-- SOURCE DATA --

========================================

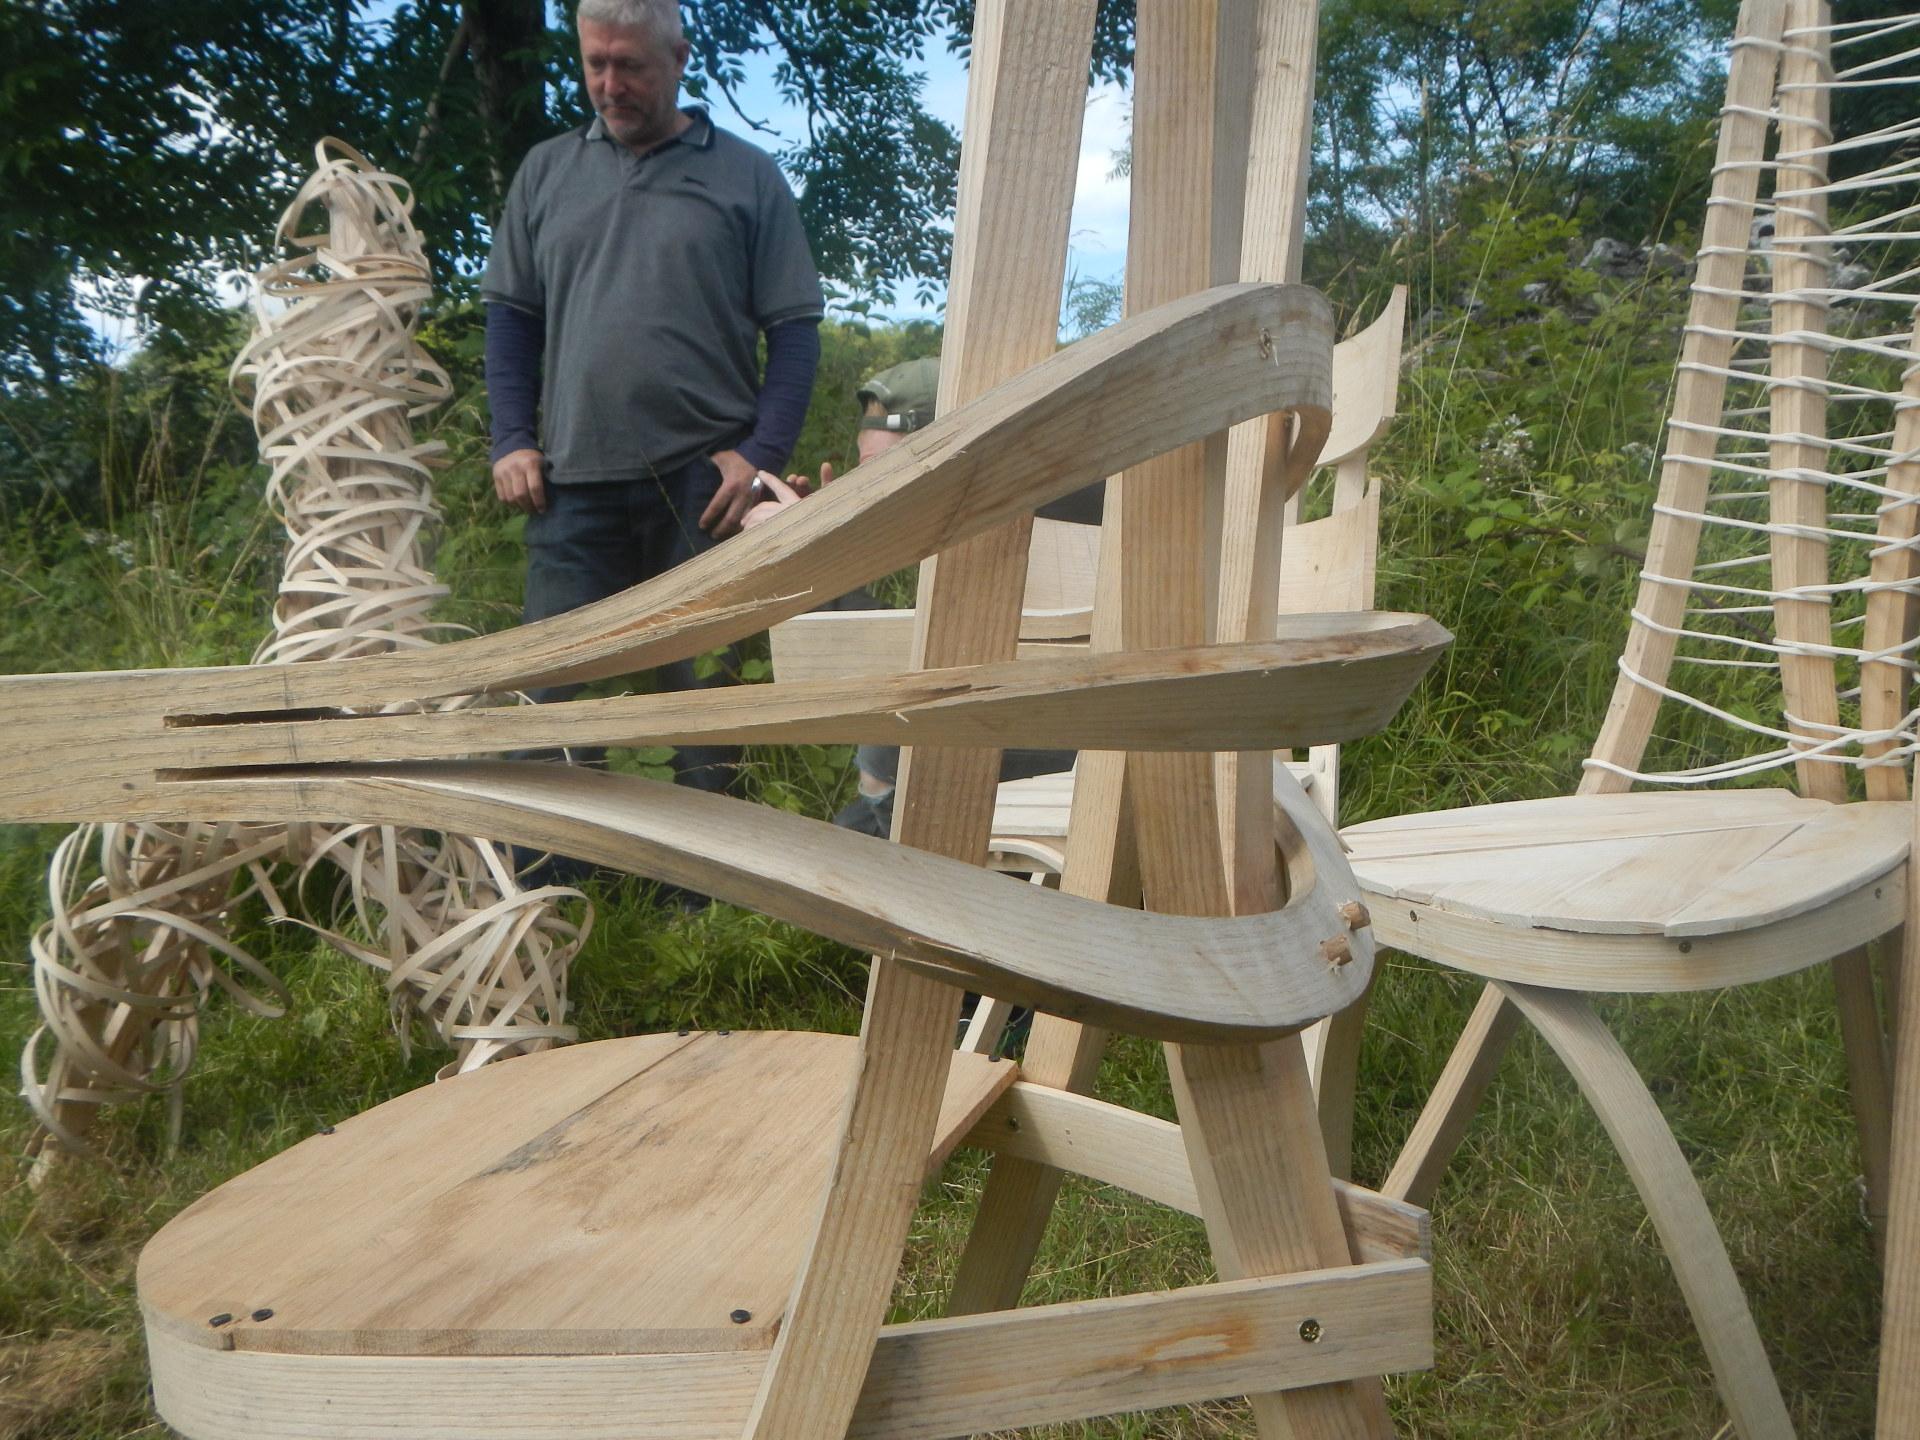 chair, steambent, ash, Cumbrian, woodwork
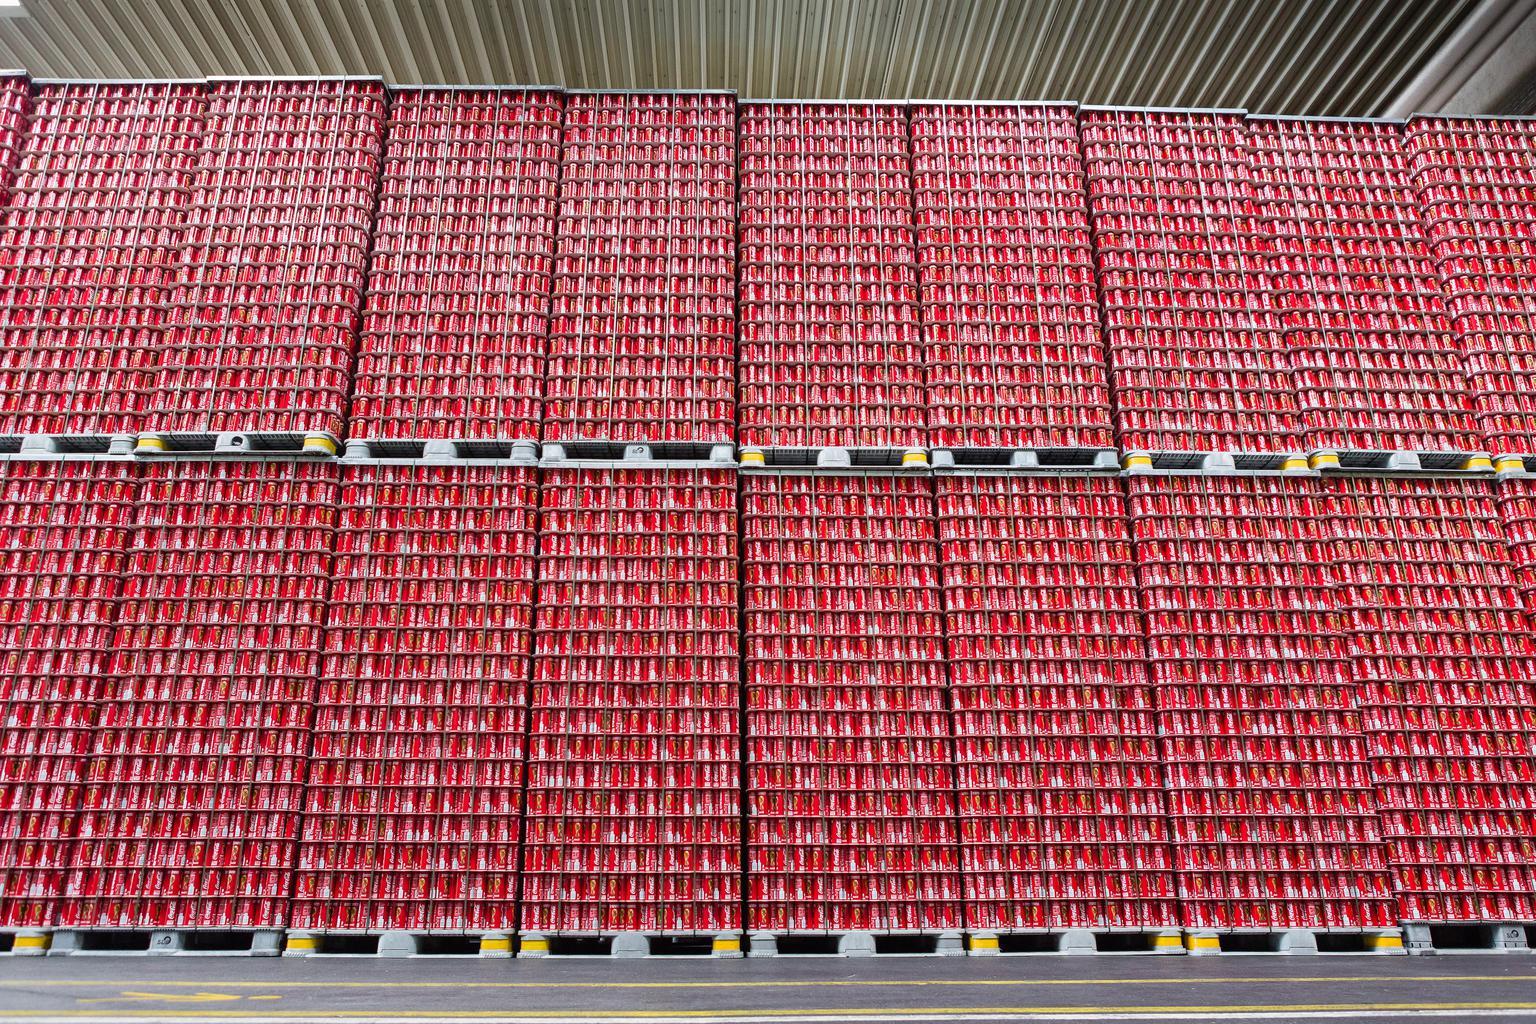 [Lokal Holland] 24 Dosen Coca Cola oder Coca Cola Zero (à 0,29 cent) (PFANDFREI)
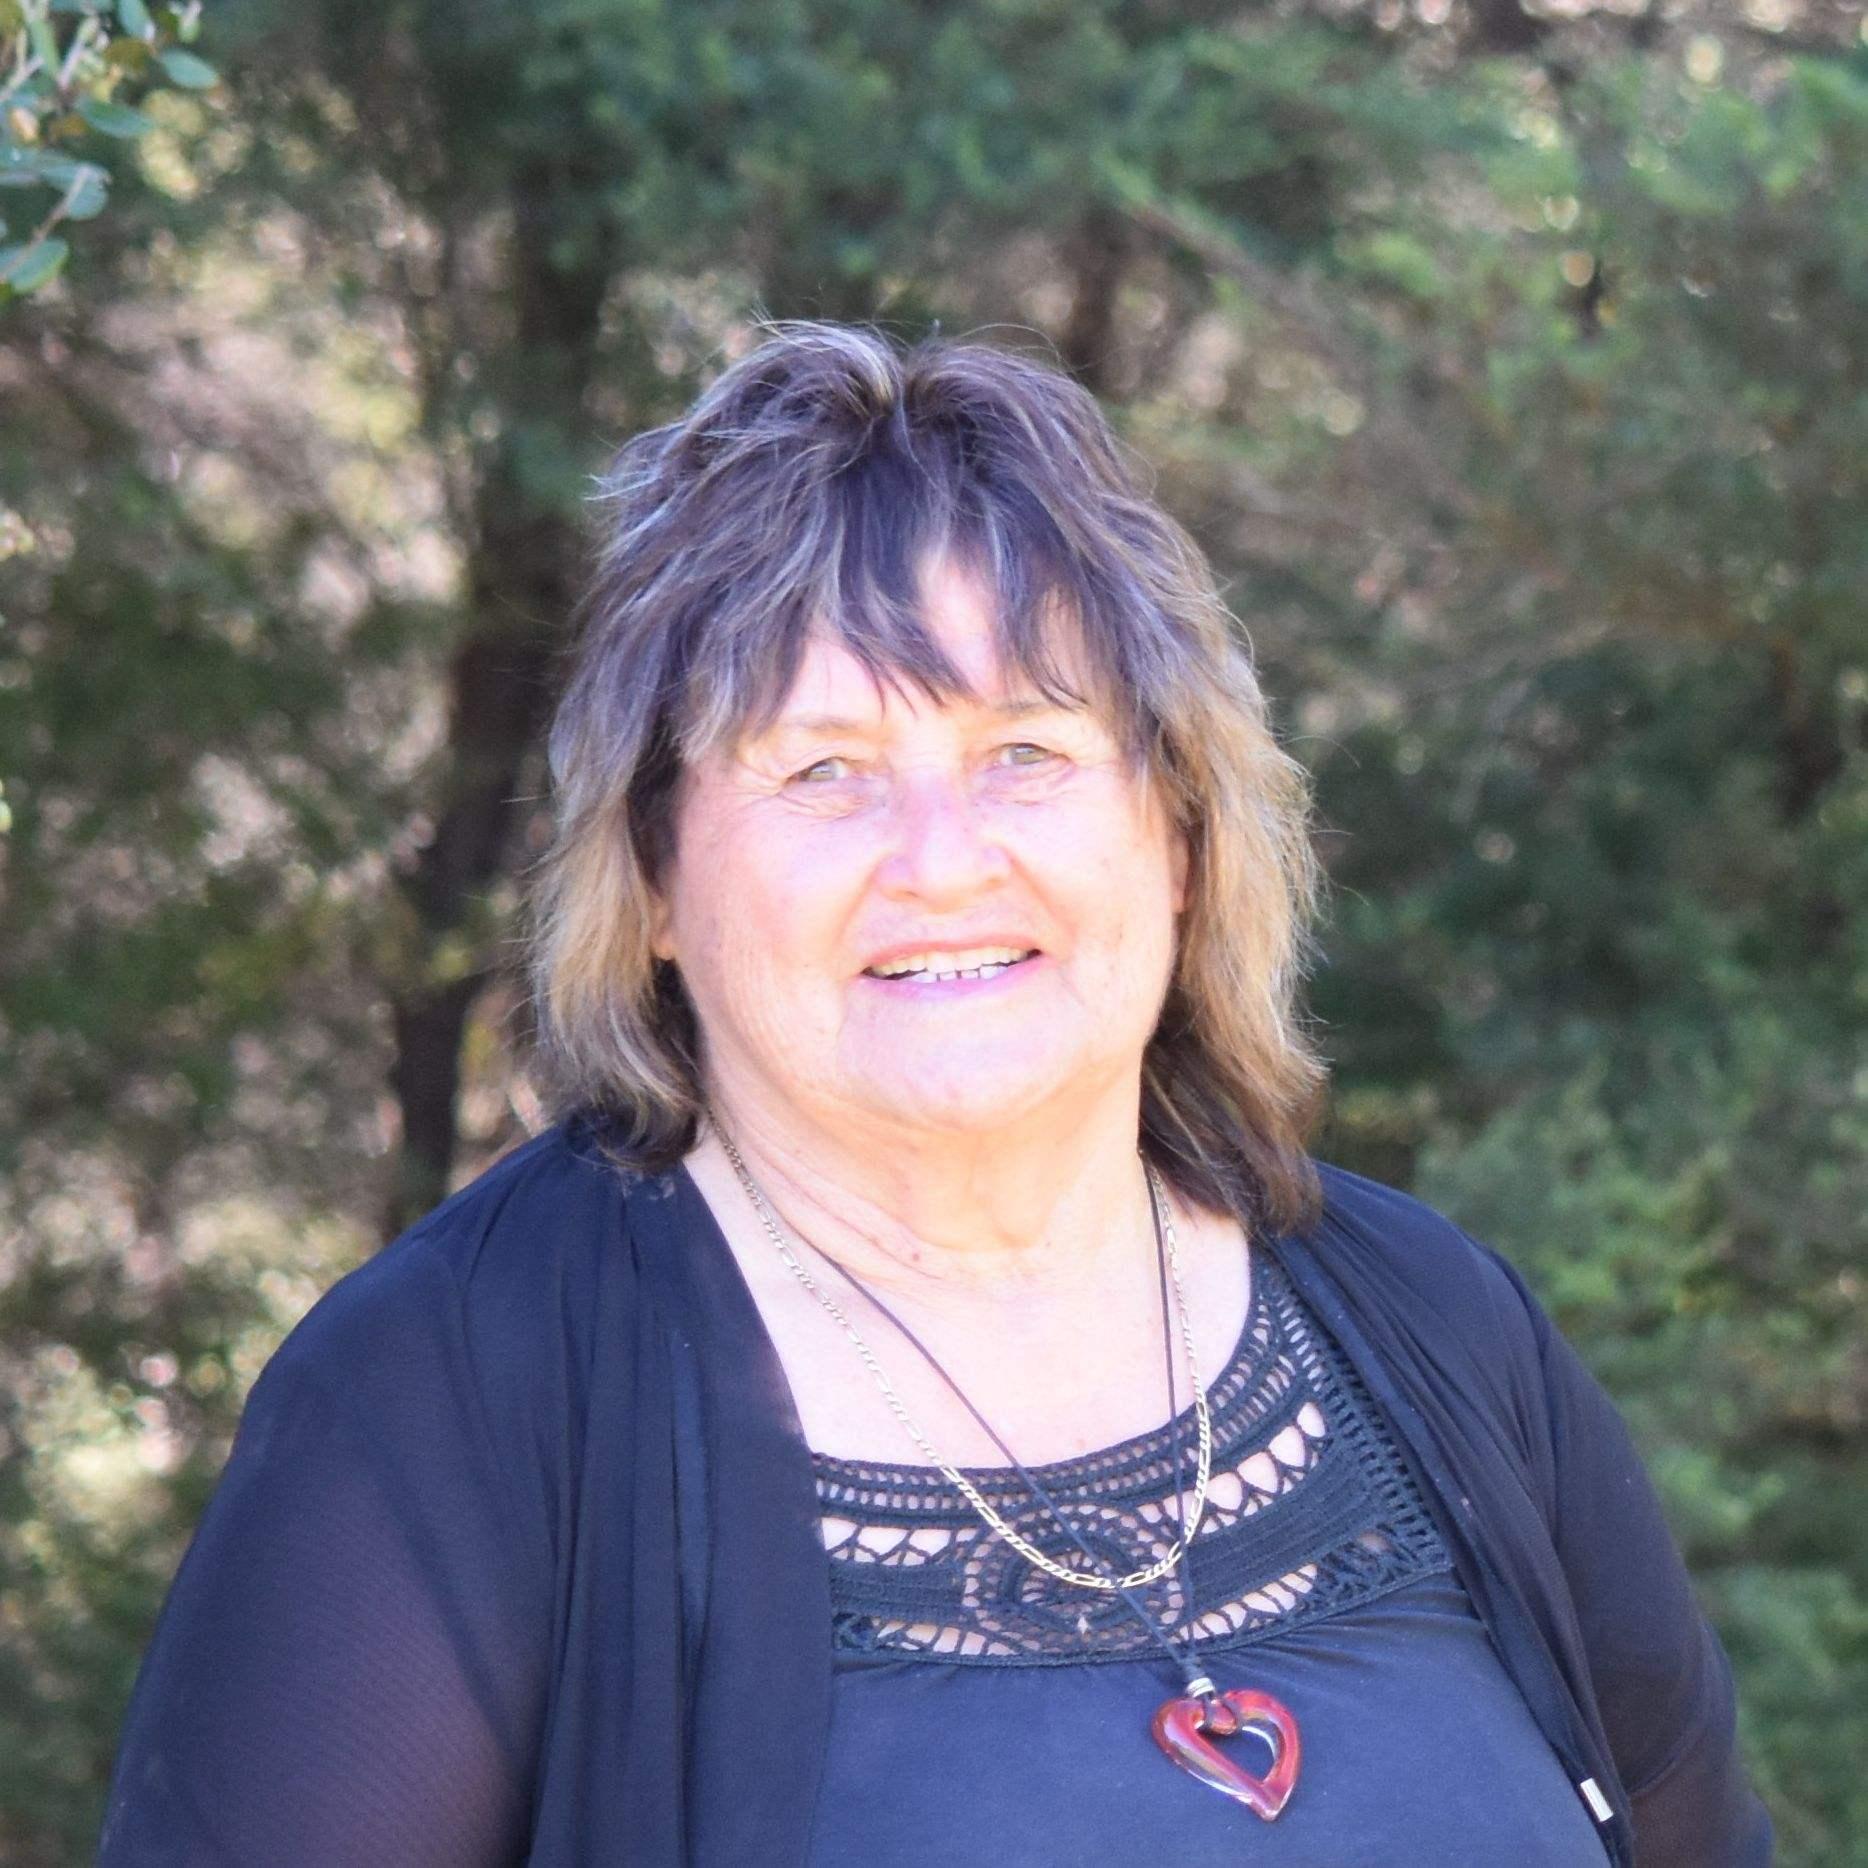 Cynthia Hedger

========================================

-- TASK INSTRUCTIONS --
An exact repeat of all the data is required, pictures excluded.

-- RESULT --
 chair, steambent, ash, Cumbrian, woodwork
 [Lokal Holland] 24 Dosen Coca Cola oder Coca Cola Zero (à 0,29 cent) (PFANDFREI)
 Cynthia Hedger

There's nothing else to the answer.